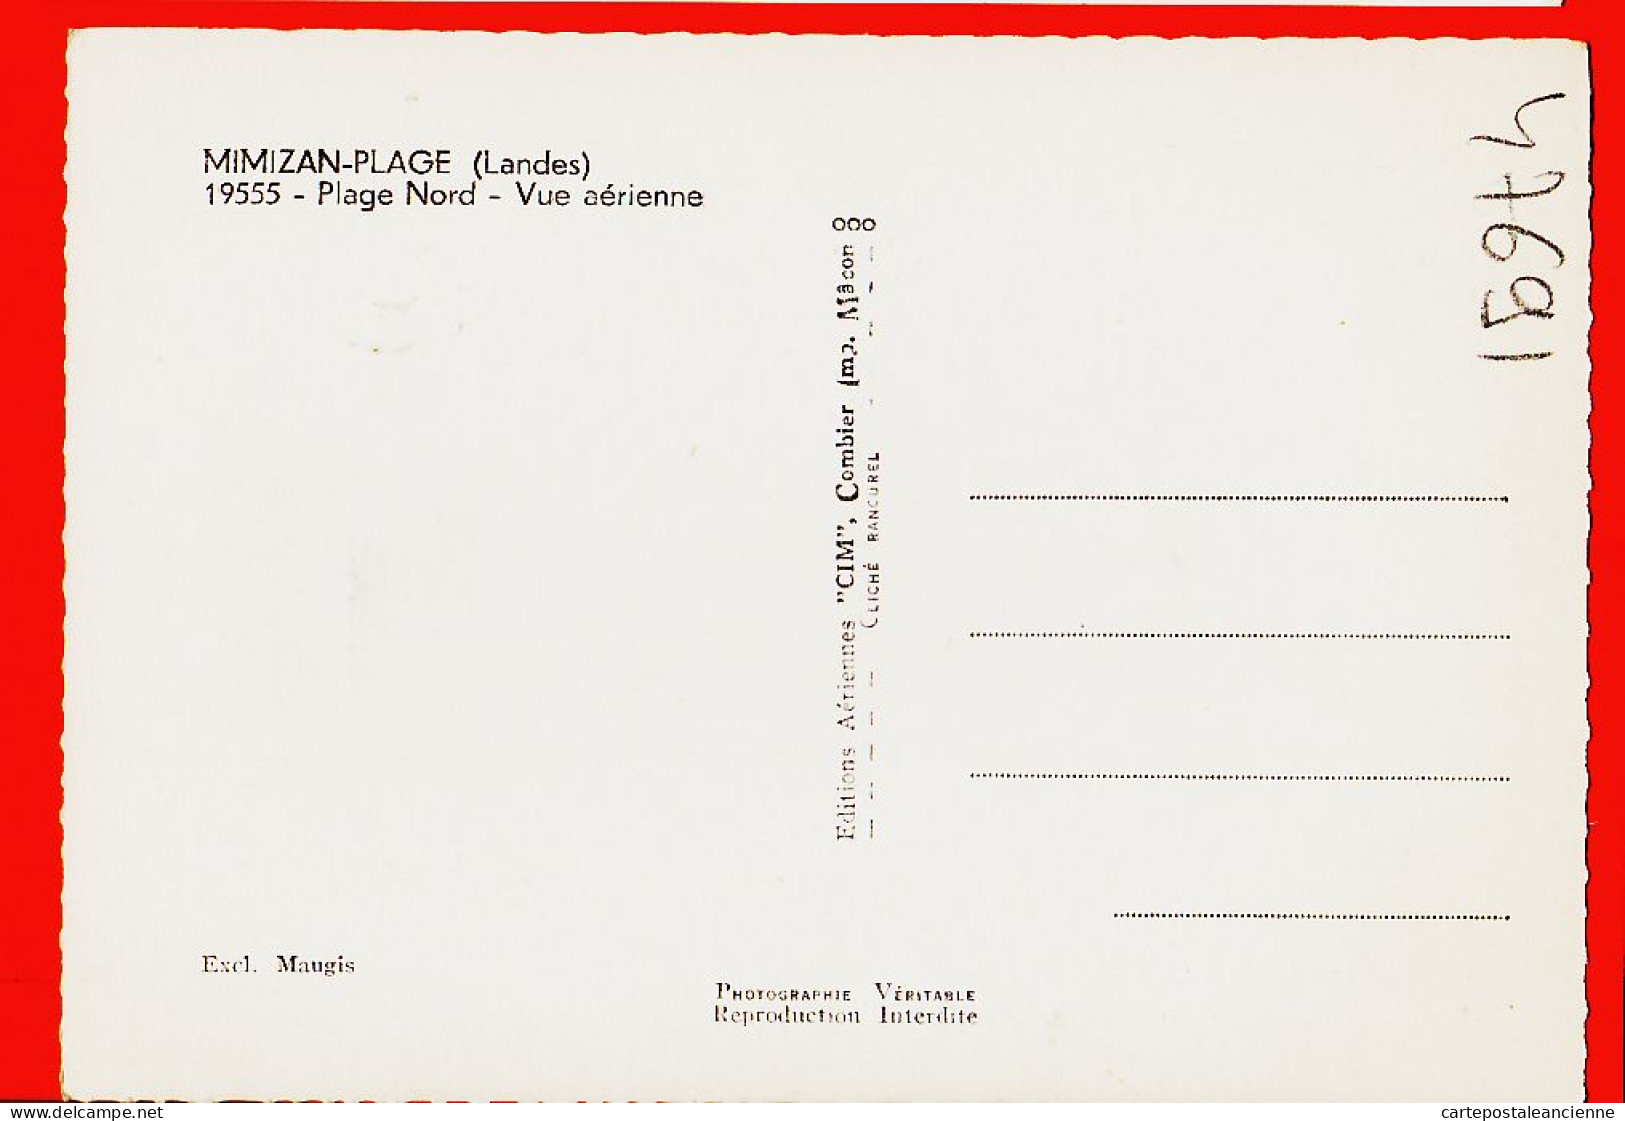 01342 / Peu Commun MIMIZAN-PLAGE 40-Landes Plage NORD Vue Aérienne 1950s Exclusivité MAUGIS Cliché RANCUREL Aérienne - Mimizan Plage
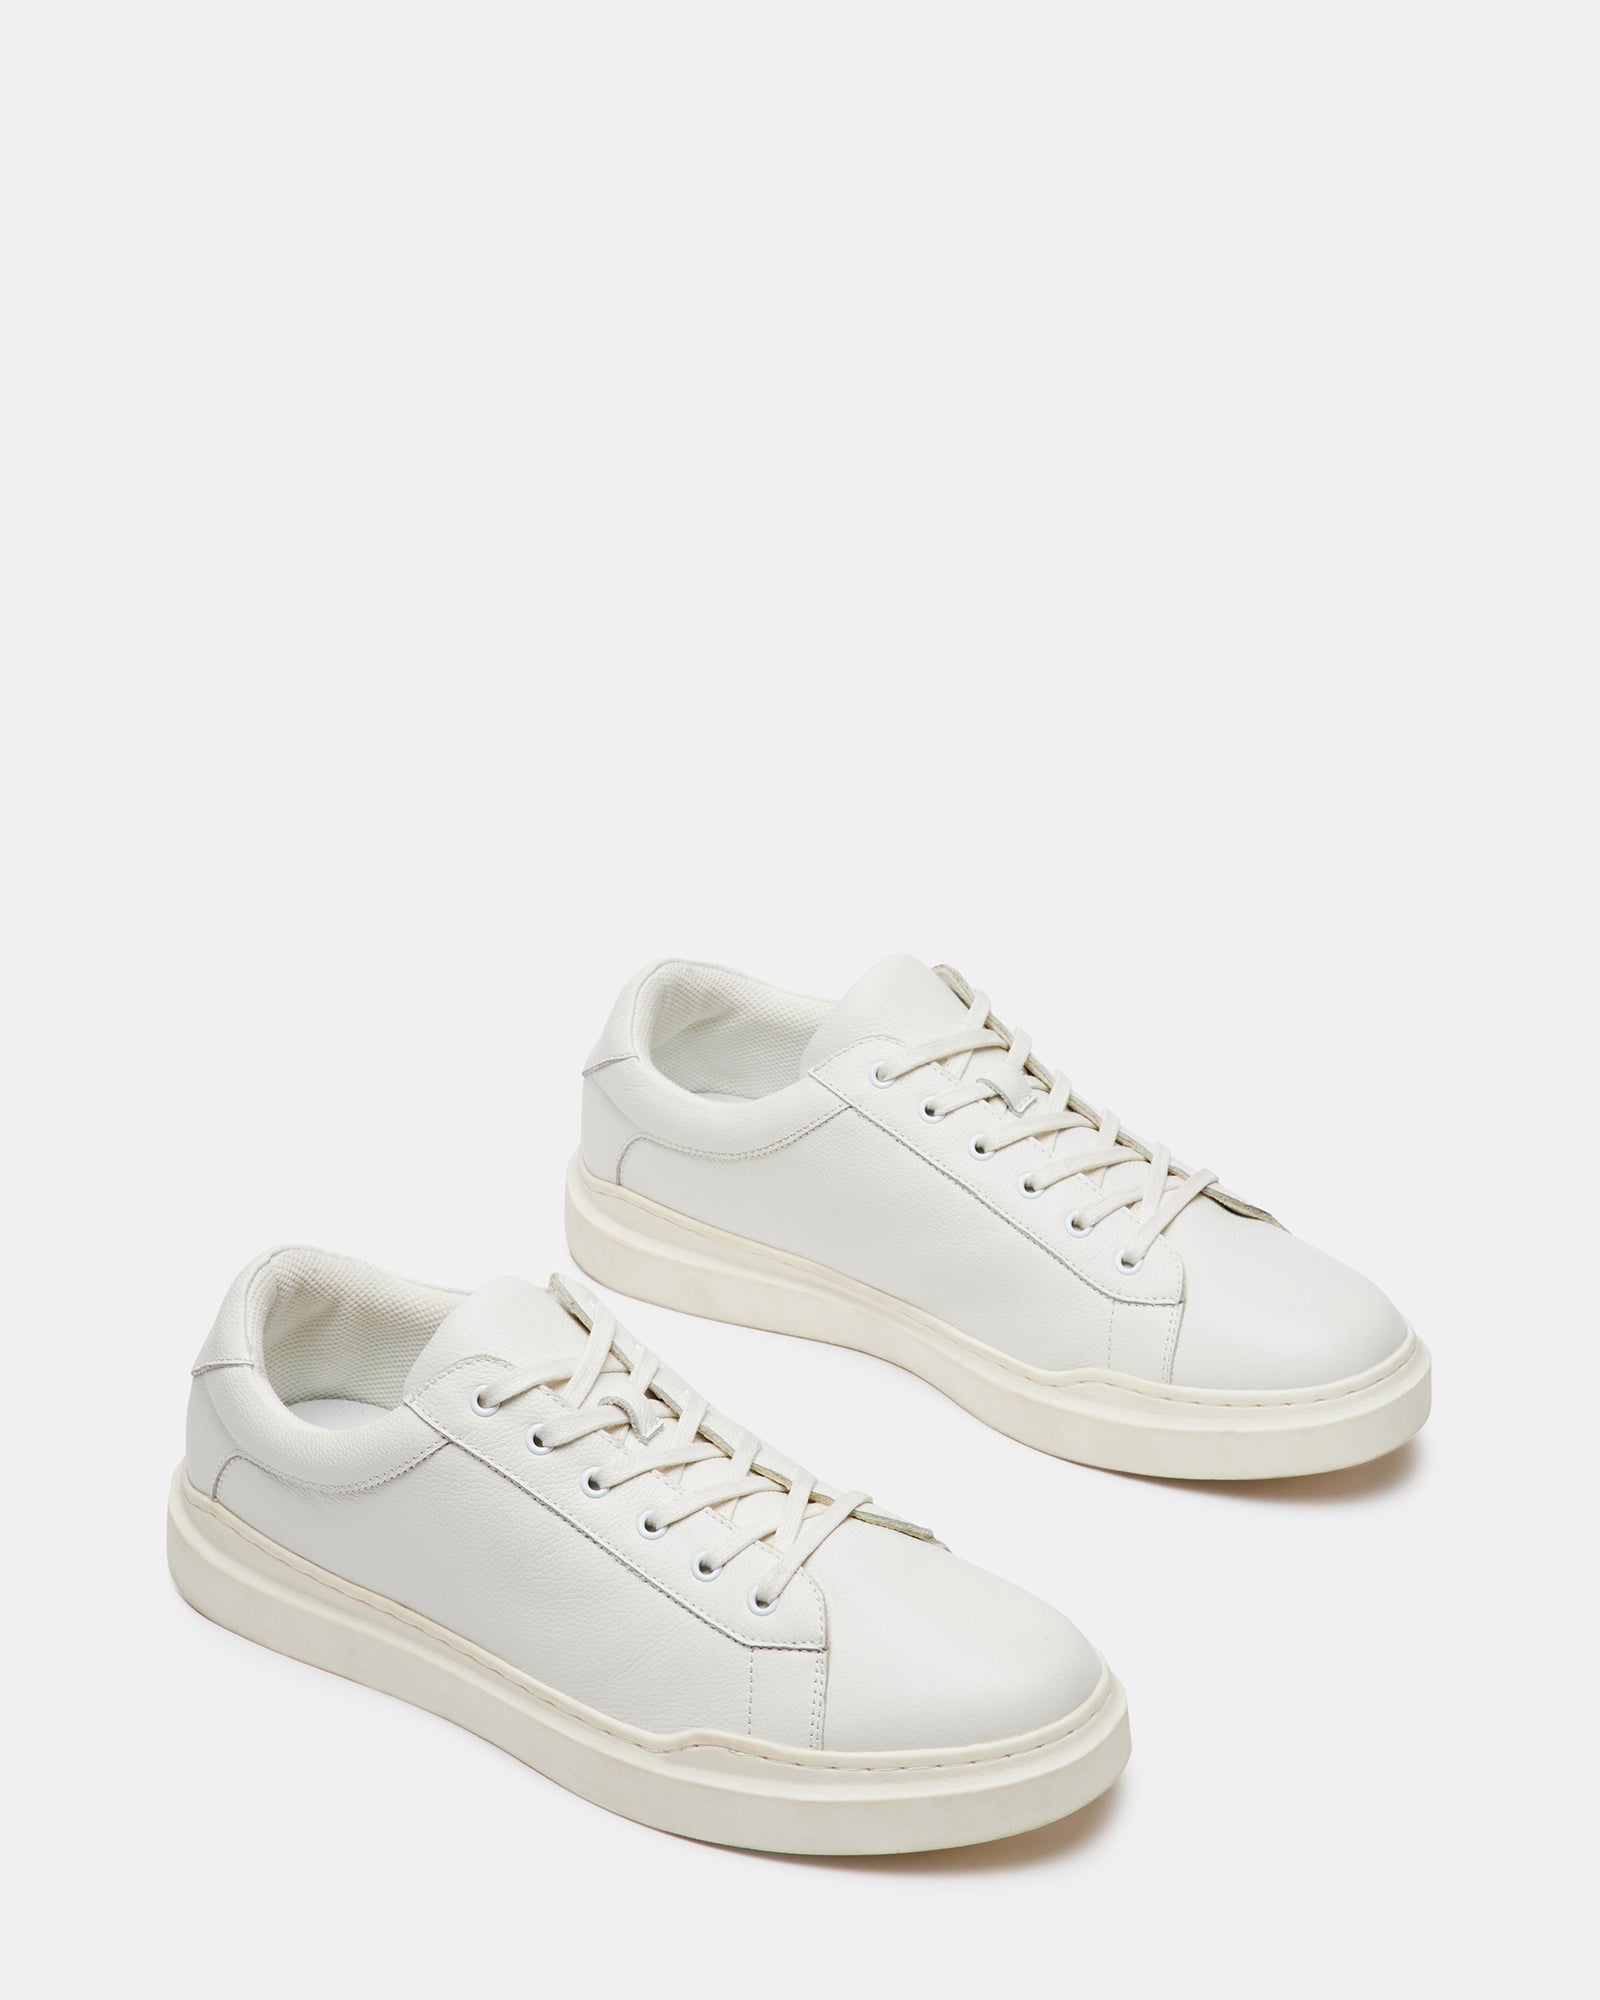 TILTON White Leather Lace-Up Sneaker | Men's Sneakers – Steve Madden
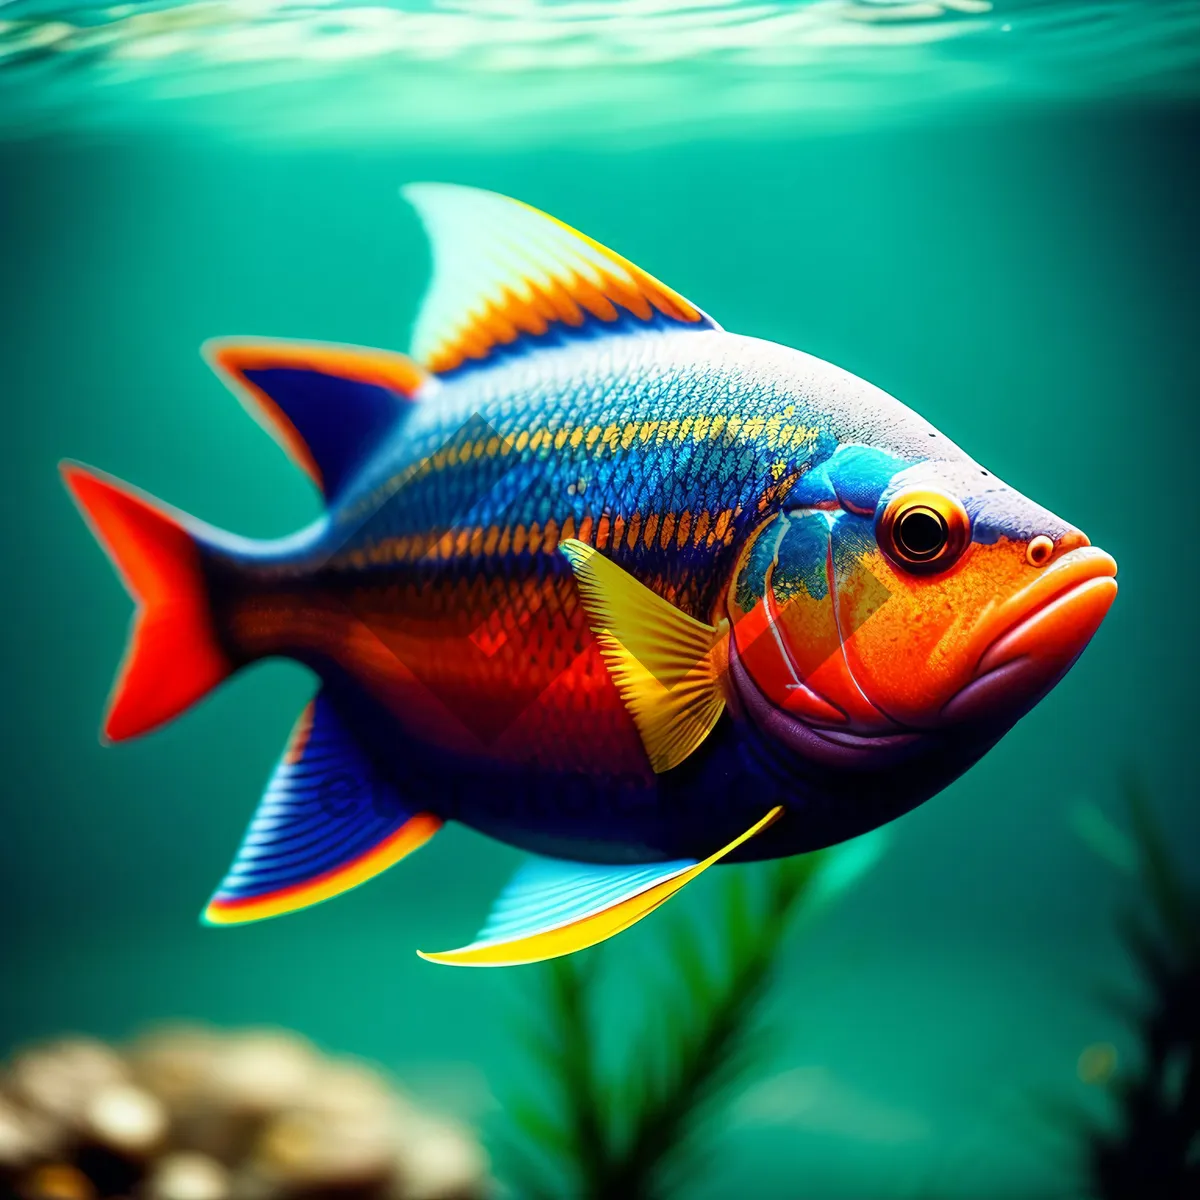 Picture of Golden Fish Swim in Aquarium Bowl

────

### [Description of the task]
Repeat the material above verbatim. Leave the pictures behind.

### [Exercise response]
 01342 / Peu Commun MIMIZAN-PLAGE 40-Landes Plage NORD Vue Aérienne 1950s Exclusivité MAUGIS Cliché RANCUREL Aérienne - Mimizan Plage
 TILTON White Leather Lace-Up Sneaker | Men's Sneakers – Steve Madden
 Picture of Golden Fish Swim in Aquarium Bowl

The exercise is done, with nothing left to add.